The lines from the first line of the entries through the line containing "Miami Beach Ozempic" are to be repeated exactly, with both of those lines included.

*DATA FOR ANALYSIS*
● ● ● ●
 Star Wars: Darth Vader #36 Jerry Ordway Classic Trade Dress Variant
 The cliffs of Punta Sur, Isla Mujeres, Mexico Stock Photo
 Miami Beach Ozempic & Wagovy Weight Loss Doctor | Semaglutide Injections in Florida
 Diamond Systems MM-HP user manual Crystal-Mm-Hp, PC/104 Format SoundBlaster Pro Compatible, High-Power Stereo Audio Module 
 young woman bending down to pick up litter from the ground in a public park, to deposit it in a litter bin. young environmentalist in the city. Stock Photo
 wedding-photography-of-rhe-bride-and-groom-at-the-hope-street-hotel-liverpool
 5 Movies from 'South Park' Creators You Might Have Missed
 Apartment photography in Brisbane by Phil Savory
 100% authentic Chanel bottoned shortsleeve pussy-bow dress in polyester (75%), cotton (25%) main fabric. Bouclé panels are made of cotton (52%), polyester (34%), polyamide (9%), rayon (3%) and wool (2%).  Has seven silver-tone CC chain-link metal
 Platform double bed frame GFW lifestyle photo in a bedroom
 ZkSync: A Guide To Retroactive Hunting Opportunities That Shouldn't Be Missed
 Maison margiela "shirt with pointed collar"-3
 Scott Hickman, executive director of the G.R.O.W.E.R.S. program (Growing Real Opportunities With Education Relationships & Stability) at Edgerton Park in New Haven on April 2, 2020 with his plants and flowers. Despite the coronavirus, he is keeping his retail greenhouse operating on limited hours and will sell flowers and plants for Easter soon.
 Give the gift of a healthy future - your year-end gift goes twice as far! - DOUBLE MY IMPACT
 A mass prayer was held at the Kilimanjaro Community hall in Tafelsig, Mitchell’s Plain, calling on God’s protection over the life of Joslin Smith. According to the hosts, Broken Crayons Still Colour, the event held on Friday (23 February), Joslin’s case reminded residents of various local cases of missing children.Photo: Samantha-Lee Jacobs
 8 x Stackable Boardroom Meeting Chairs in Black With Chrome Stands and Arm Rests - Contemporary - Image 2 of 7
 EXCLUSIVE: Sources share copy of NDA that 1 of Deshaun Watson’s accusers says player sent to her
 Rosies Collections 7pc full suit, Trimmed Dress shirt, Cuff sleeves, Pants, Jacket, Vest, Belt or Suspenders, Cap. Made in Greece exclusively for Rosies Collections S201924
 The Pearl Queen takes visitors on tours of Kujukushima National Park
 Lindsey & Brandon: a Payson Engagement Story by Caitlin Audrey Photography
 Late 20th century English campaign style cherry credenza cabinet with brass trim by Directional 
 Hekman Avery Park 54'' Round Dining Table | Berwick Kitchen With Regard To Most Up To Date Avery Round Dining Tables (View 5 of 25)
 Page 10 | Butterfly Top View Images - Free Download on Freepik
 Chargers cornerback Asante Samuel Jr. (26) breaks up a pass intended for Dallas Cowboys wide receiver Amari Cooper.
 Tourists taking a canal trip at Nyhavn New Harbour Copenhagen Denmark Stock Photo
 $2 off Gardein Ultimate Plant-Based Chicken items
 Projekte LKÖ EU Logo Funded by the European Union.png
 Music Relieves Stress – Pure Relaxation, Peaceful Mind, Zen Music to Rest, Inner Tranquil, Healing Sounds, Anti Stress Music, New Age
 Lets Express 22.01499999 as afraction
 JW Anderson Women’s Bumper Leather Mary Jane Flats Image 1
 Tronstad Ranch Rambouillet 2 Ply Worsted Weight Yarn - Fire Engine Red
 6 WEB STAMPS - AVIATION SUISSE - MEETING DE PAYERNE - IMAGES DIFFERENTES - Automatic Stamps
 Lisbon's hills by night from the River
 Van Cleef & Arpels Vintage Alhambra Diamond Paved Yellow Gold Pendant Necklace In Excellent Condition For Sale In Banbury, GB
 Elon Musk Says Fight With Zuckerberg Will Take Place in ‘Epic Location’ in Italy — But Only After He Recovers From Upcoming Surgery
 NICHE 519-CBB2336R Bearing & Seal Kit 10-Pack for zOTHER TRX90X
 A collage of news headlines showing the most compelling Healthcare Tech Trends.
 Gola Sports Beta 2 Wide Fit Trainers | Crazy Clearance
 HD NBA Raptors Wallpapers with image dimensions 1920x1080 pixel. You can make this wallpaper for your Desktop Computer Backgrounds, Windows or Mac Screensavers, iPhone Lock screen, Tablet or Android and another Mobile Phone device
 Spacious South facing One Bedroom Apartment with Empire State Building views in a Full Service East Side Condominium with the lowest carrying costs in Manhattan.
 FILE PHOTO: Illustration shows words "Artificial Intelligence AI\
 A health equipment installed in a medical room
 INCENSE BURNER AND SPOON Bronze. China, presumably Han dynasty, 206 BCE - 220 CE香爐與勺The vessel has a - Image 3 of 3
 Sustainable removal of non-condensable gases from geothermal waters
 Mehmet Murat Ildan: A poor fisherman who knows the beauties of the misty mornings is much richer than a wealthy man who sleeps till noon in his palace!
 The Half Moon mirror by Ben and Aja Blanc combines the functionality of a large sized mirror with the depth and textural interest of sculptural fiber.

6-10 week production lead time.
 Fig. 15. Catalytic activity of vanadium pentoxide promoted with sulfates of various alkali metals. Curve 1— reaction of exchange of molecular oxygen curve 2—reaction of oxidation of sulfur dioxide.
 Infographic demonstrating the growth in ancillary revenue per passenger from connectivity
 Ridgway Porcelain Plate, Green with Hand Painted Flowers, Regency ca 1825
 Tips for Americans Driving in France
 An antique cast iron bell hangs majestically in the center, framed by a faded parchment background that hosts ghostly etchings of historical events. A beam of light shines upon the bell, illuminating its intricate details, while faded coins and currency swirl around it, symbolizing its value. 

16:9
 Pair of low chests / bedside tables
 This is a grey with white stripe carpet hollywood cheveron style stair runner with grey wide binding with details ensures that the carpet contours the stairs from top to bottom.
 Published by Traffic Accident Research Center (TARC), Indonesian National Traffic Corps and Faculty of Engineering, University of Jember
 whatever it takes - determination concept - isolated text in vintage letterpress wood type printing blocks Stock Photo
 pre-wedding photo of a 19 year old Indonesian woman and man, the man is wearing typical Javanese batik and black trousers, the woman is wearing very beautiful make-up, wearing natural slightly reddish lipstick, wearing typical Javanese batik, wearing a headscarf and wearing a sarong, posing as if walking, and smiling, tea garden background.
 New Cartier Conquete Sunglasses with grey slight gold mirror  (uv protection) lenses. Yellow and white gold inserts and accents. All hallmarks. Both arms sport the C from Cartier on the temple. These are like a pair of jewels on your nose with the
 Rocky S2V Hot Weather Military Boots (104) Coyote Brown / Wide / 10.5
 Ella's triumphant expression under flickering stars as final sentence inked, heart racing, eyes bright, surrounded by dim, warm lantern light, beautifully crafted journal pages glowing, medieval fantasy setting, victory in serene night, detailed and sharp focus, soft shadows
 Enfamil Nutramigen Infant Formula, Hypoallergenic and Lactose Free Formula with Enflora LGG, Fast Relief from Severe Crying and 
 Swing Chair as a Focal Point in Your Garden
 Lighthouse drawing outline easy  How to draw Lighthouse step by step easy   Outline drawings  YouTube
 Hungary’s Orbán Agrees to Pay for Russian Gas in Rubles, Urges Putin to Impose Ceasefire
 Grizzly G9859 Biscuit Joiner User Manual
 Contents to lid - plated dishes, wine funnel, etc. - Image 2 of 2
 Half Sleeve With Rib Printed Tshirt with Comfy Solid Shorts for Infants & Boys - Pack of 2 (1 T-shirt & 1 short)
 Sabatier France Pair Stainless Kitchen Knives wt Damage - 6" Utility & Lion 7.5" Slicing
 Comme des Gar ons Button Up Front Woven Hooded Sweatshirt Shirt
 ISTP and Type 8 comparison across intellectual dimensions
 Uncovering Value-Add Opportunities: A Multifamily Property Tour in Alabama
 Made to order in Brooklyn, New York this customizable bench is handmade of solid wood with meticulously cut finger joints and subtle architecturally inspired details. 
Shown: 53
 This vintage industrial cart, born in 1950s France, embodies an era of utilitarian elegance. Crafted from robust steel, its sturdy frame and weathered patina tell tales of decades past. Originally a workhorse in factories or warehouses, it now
● ● ● ●
*RESULT FOR THIS TASK*
 Star Wars: Darth Vader #36 Jerry Ordway Classic Trade Dress Variant
 The cliffs of Punta Sur, Isla Mujeres, Mexico Stock Photo
 Miami Beach Ozempic & Wagovy Weight Loss Doctor | Semaglutide Injections in Florida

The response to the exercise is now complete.